> [REQUIREMENT] Retype, word for word, the line holding "Samba village, Yako" and each line after it down to the end of the data; pictures are not copied.

> [DATA]
=== Begin Enclosure ===

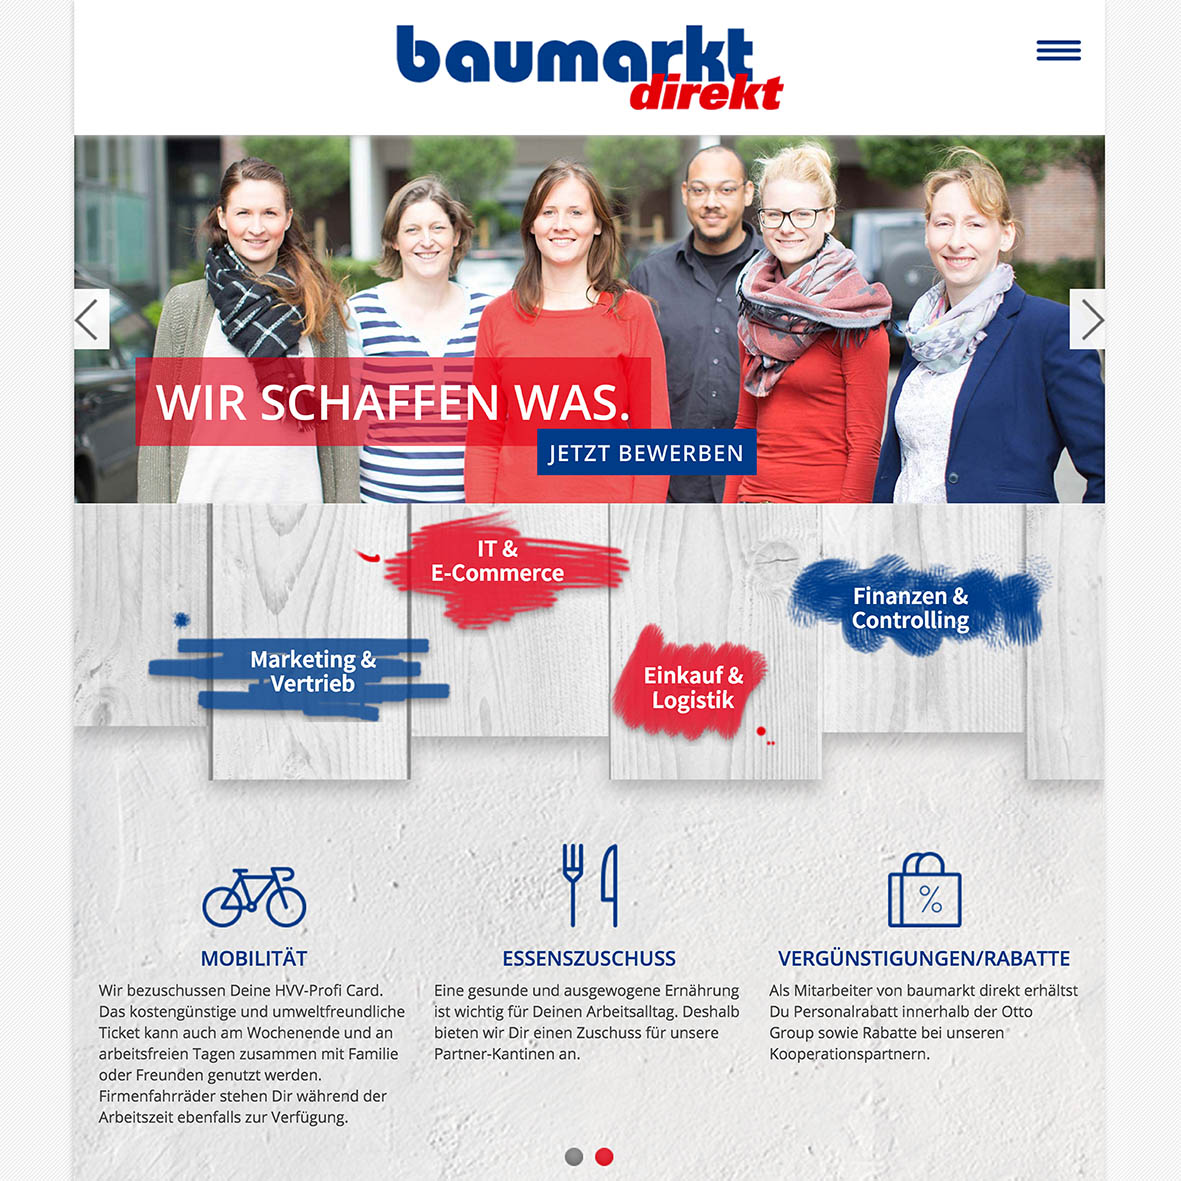 baumarkt direkt launcht karriere website. Black Bedroom Furniture Sets. Home Design Ideas
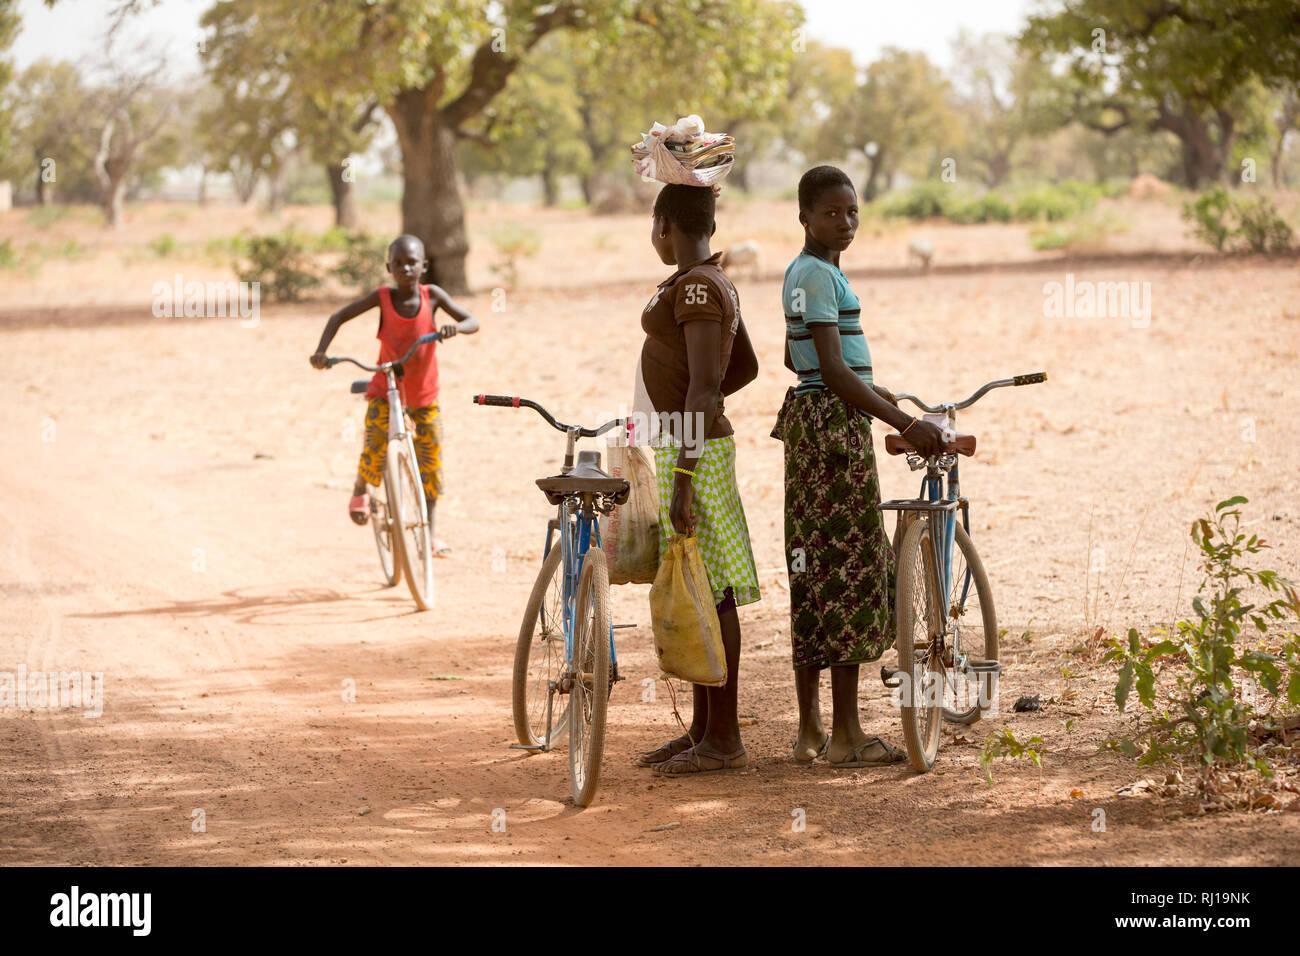 Samba village, Yako Province, Burkina Faso; schoolgirls on their way home from school wait in the shade for a friend. Stock Photo
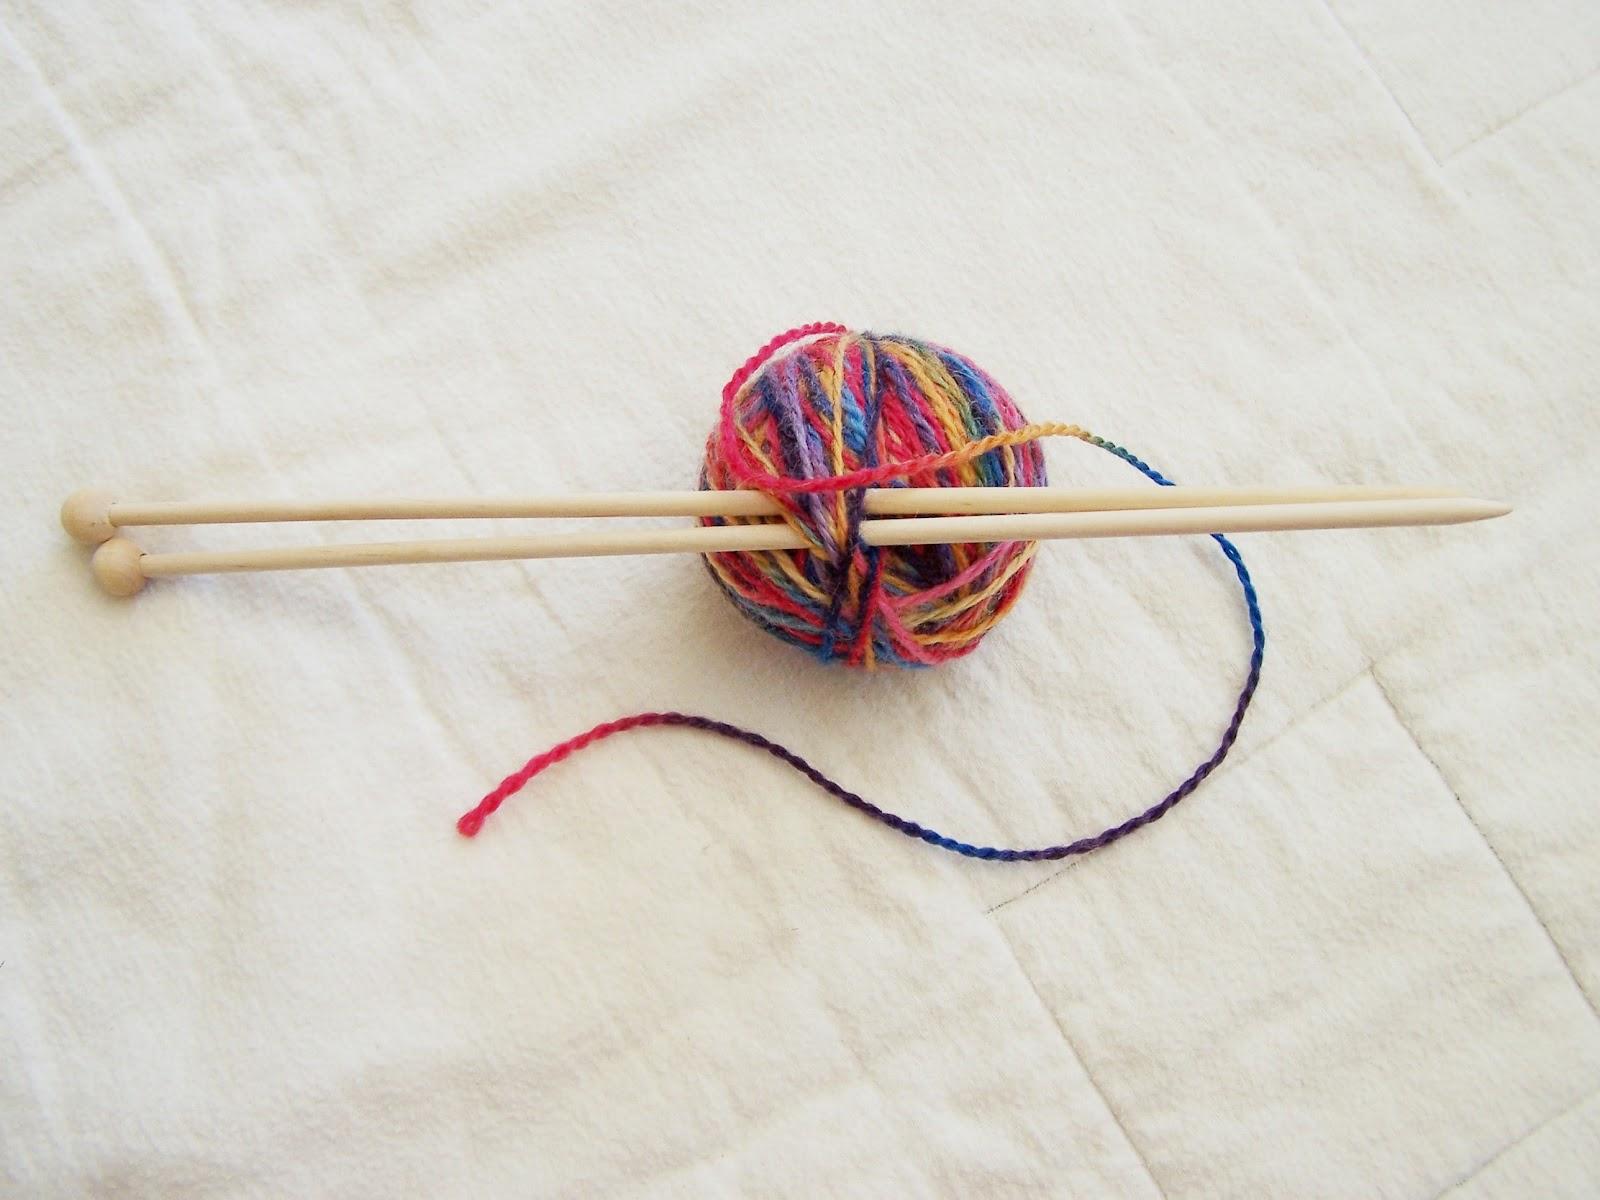 Knitting On 4 Needles : Madebyjoey making knitting needles
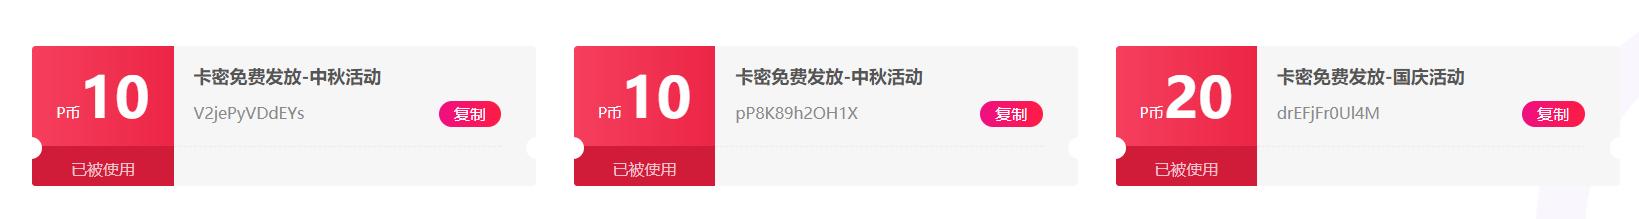 RiPro优惠码插件1.21版本_支付购买资源优惠码、开通会员专用优惠码

=== End Enclosure ===

> [EXERCISE ANSWER]
 Samba village, Yako Province, Burkina Faso; schoolgirls on their way home from school wait in the shade for a friend. Stock Photo
 Knitting On 4 Needles : Madebyjoey making knitting needles
 RiPro优惠码插件1.21版本_支付购买资源优惠码、开通会员专用优惠码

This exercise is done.